Blocking I/O: thread sleeps until data ready
Non-blocking: EAGAIN if no data, spin polling
Select/Poll: O(n) per call, kernel copies FD set
epoll: O(1) event notification, edge vs level trigger
io_uring: async I/O, zero-copy, submission queue rings

Concurrency Primitives

Mutex: kernel futex → userspace fast path
Semaphore: counting mutex (resource pools)
Condition variable: wait/signal (producer-consumer)
Spinlock: busy-wait, never sleep (interrupt context)
RWMutex: concurrent reads, exclusive write

02Must-Know Deep Dives

🔥 The Life of a Syscall — Crossing the Boundary

Understanding how your code talks to hardware is critical for backend performance. When you call read() in Go or Rust, it doesn't just run code; it triggers a CPU context switch.

1. Trap: The app puts the syscall ID in a register and executes a SYSCALL instruction.
2. Mode Switch: CPU switches from User Mode (Ring 3) to Kernel Mode (Ring 0).
3. Jump: Kernel looks at the Syscall Table and jumps to the function handling that ID.
4. Execution: Kernel performs the privileged action (reading disk, writing to socket).
5. Return: Kernel puts result in a register and switches back to User Mode.

// Optimization Insight:
Syscalls are expensive because they flush CPU pipelines and can cause TLB misses.
This is why io_uring is a game changer: it allows batching thousands of I/O operations 
in a single syscall, or even zero syscalls in kernel-polling mode.
    

🔥 epoll — How Go's Net Package Works

Go's net package uses epoll under the hood via the netpoller. When you do conn.Read(), Go registers the fd with epoll, parks the goroutine (not the OS thread), and wakes it when data arrives. This is how Go handles 100K+ concurrent connections with just hundreds of OS threads.

Level-triggered (LT) vs Edge-triggered (ET): LT fires as long as data available (default, safer). ET fires only on state change (zero-copy trick, more complex). Nginx uses ET mode for performance. Go uses LT for simplicity.

// Conceptual epoll loop (Go netpoller does this in runtime/netpoll_epoll.go)
fd = epoll_create1(0)
epoll_ctl(fd, EPOLL_CTL_ADD, conn_fd, &event)  // Register

for {
  n = epoll_wait(fd, events, maxEvents, timeout)  // Block until events
  for i := 0; i < n; i++ {
    // Wake goroutine waiting on this fd
    goready(goroutine_waiting_on(events[i].data.fd))
  }
}
    

🔥 CPU Cache Hierarchy — Why Cache Misses Kill Performance

L1 cache: 32KB, ~1ns latency. L2: 256KB, ~5ns. L3: 8-32MB, ~30ns. Main memory: ~100ns. A single L3 cache miss costs 100× an L1 hit. This matters for your Go code.
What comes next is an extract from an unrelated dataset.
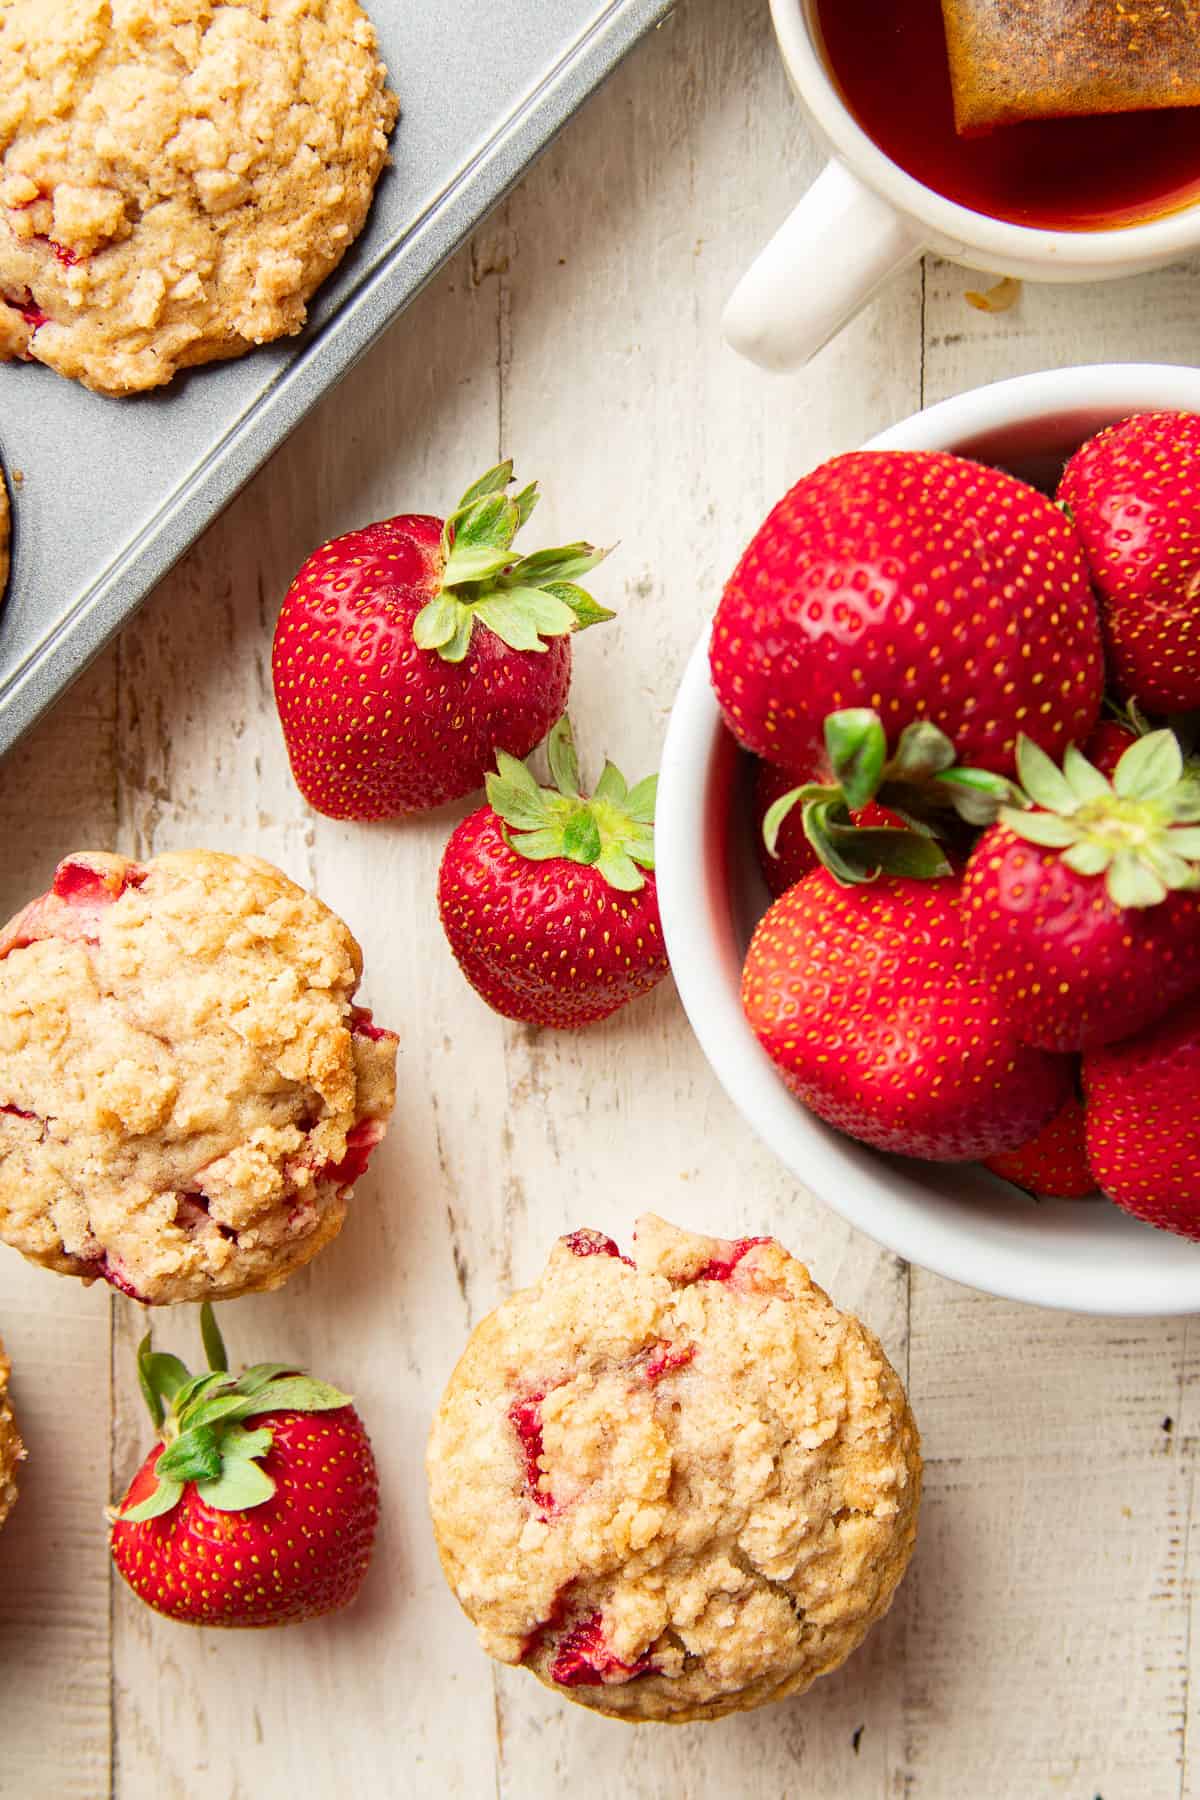 Vegan Strawberry Muffins and fresh strawberries on a white wooden surface.

Cache line: 64 bytes. When you access element [0] of a slice, elements [1]-[7] (for int64) are loaded into cache for free. Traversing an array is fast; pointer chasing (linked list) is slow because each pointer dereference is a potential cache miss.

False sharing: Two goroutines updating different fields in the same struct → same cache line → cache invalidation ping-pong between CPUs. Fix: pad struct fields to 64-byte boundaries. This is why Go's sync.Mutex has internal padding.
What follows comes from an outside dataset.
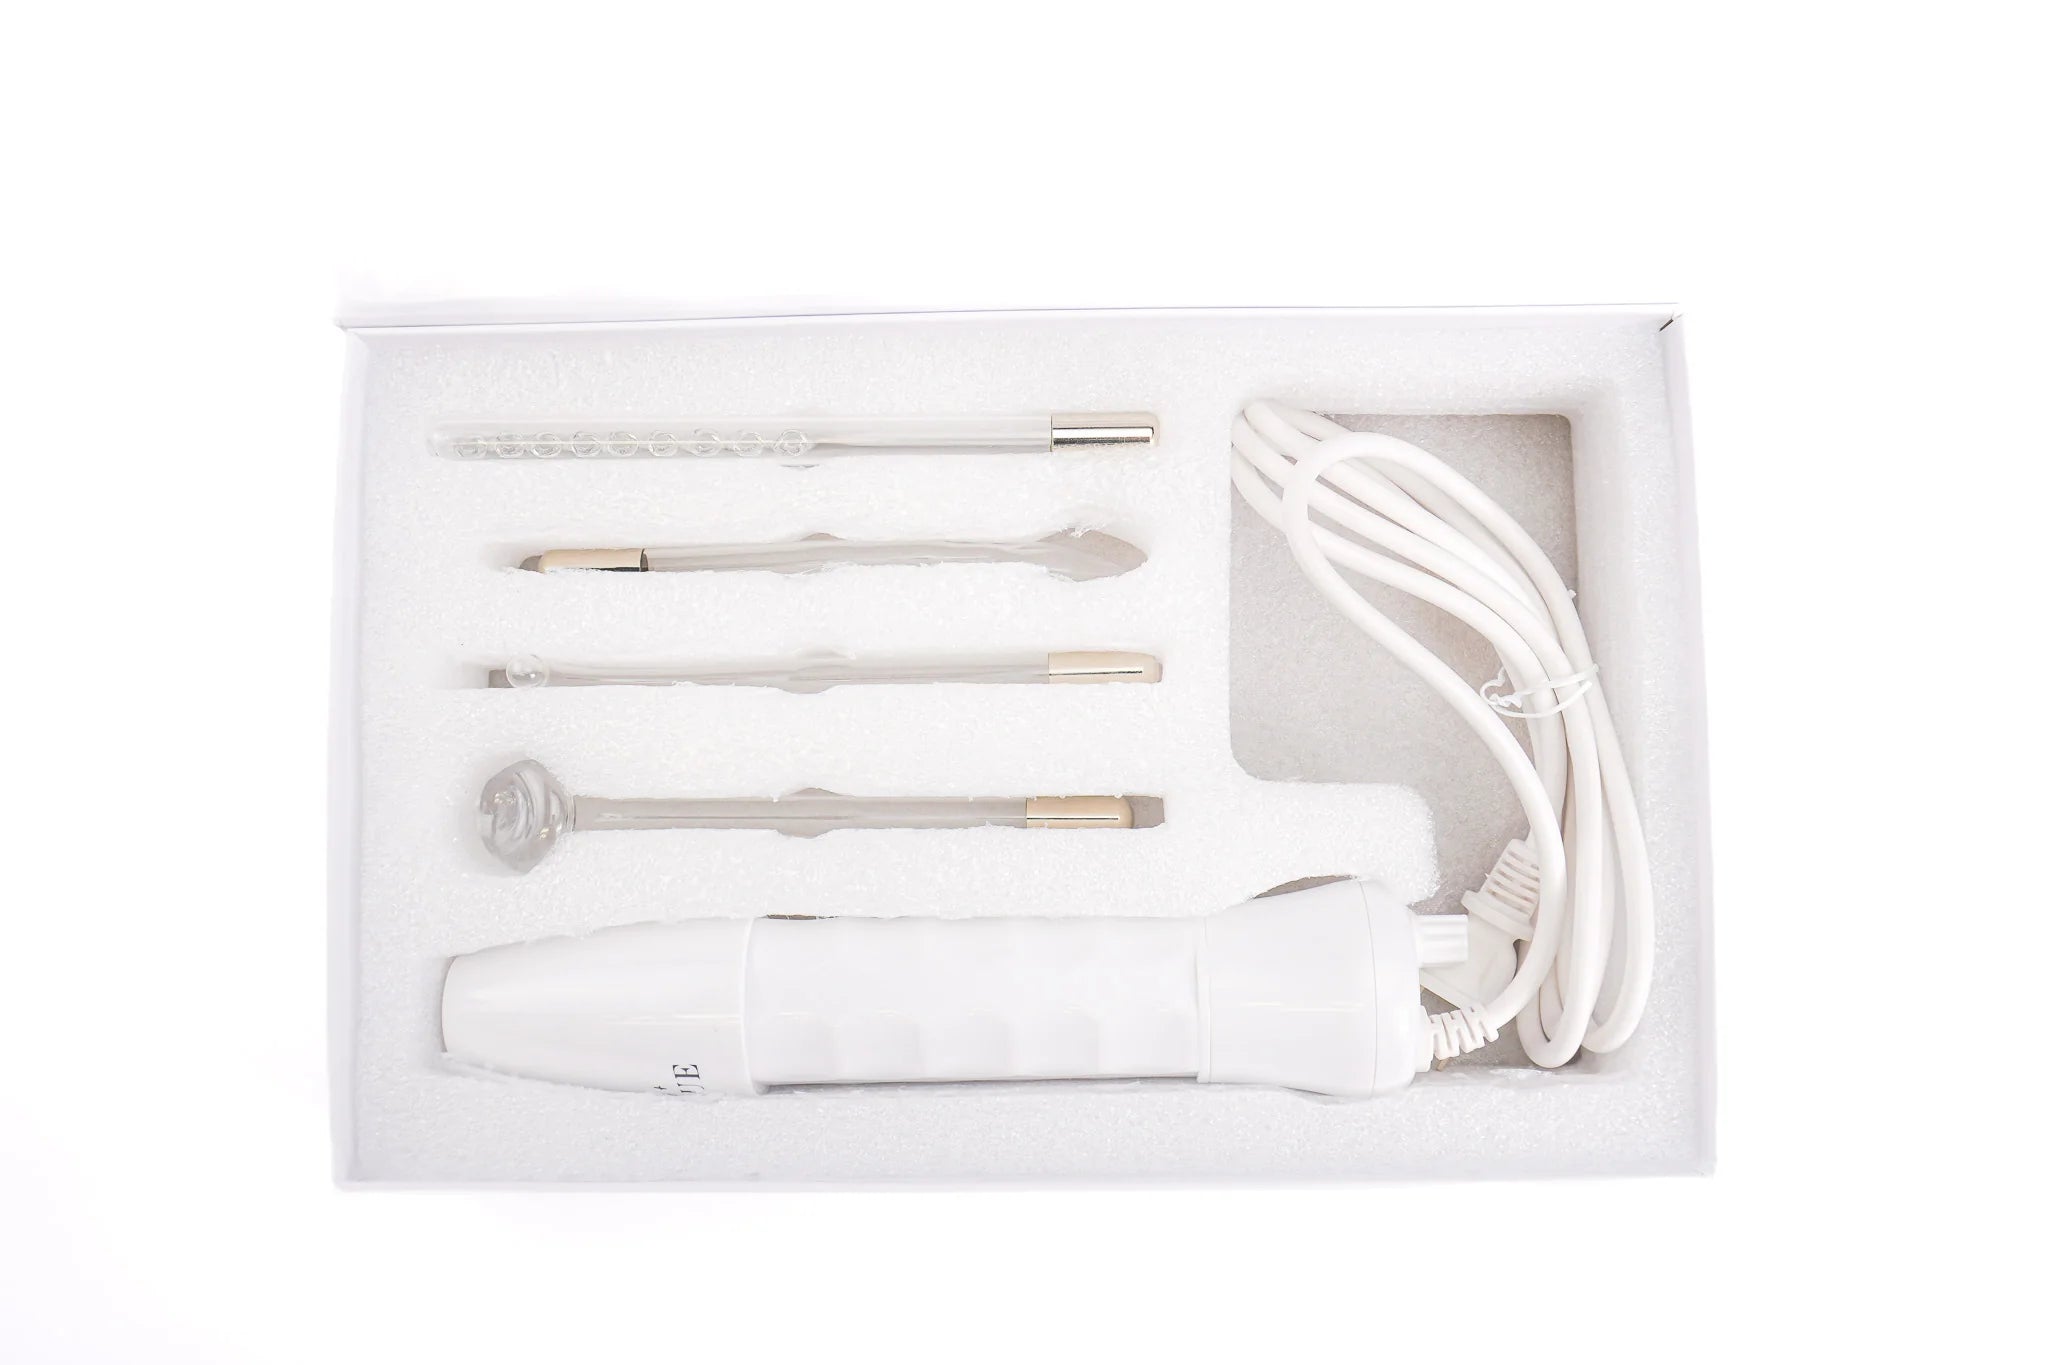 High Frequency Skin Therapy Wand

// Bad: false sharing — counters on same cache line
type Counters struct { A, B int64 }

// Good: pad to cache line
type Counter struct {
    val int64
    _   [56]byte  // pad to 64 bytes
}
    

🔥 io_uring — The Future of Linux I/O

io_uring (Linux 5.1+) uses two shared memory ring buffers between kernel and user space: submission queue (SQE) and completion queue (CQE). No syscall needed per I/O — batch many ops, one io_uring_enter(). In kernel-poll mode: zero syscalls, pure ring operations.

Real impact: Cloudflare uses io_uring for their proxy. PostgreSQL 14+ has io_uring option. For Go: the github.com/pawelgaczynski/giouring library. Your distributed Rust service would benefit significantly — Tokio's io_uring backend is in progress.

🔥 OOM Killer + Memory Overcommit

Linux overcommits memory by default — malloc() doesn't actually allocate physical pages until touched (copy-on-write after fork). When physical memory runs out, OOM killer picks a process to kill based on oom_score.

In Kubernetes: containers with memory limit hit OOMKill (SIGKILL). This is why your K8s pods with memory pressure crash hard with no logs. Set memory.request == memory.limit (Guaranteed QoS) for critical services to avoid this. Go's GC doesn't help once you hit the cgroup limit.

03Resources

VIDEO

MIT 6.004: Operating System Organization (Short, Dense)

40-min lecture. Dense, no handholding. xv6 examples that map directly to Linux concepts.

VIDEO

io_uring Explained — Jens Axboe (Creator)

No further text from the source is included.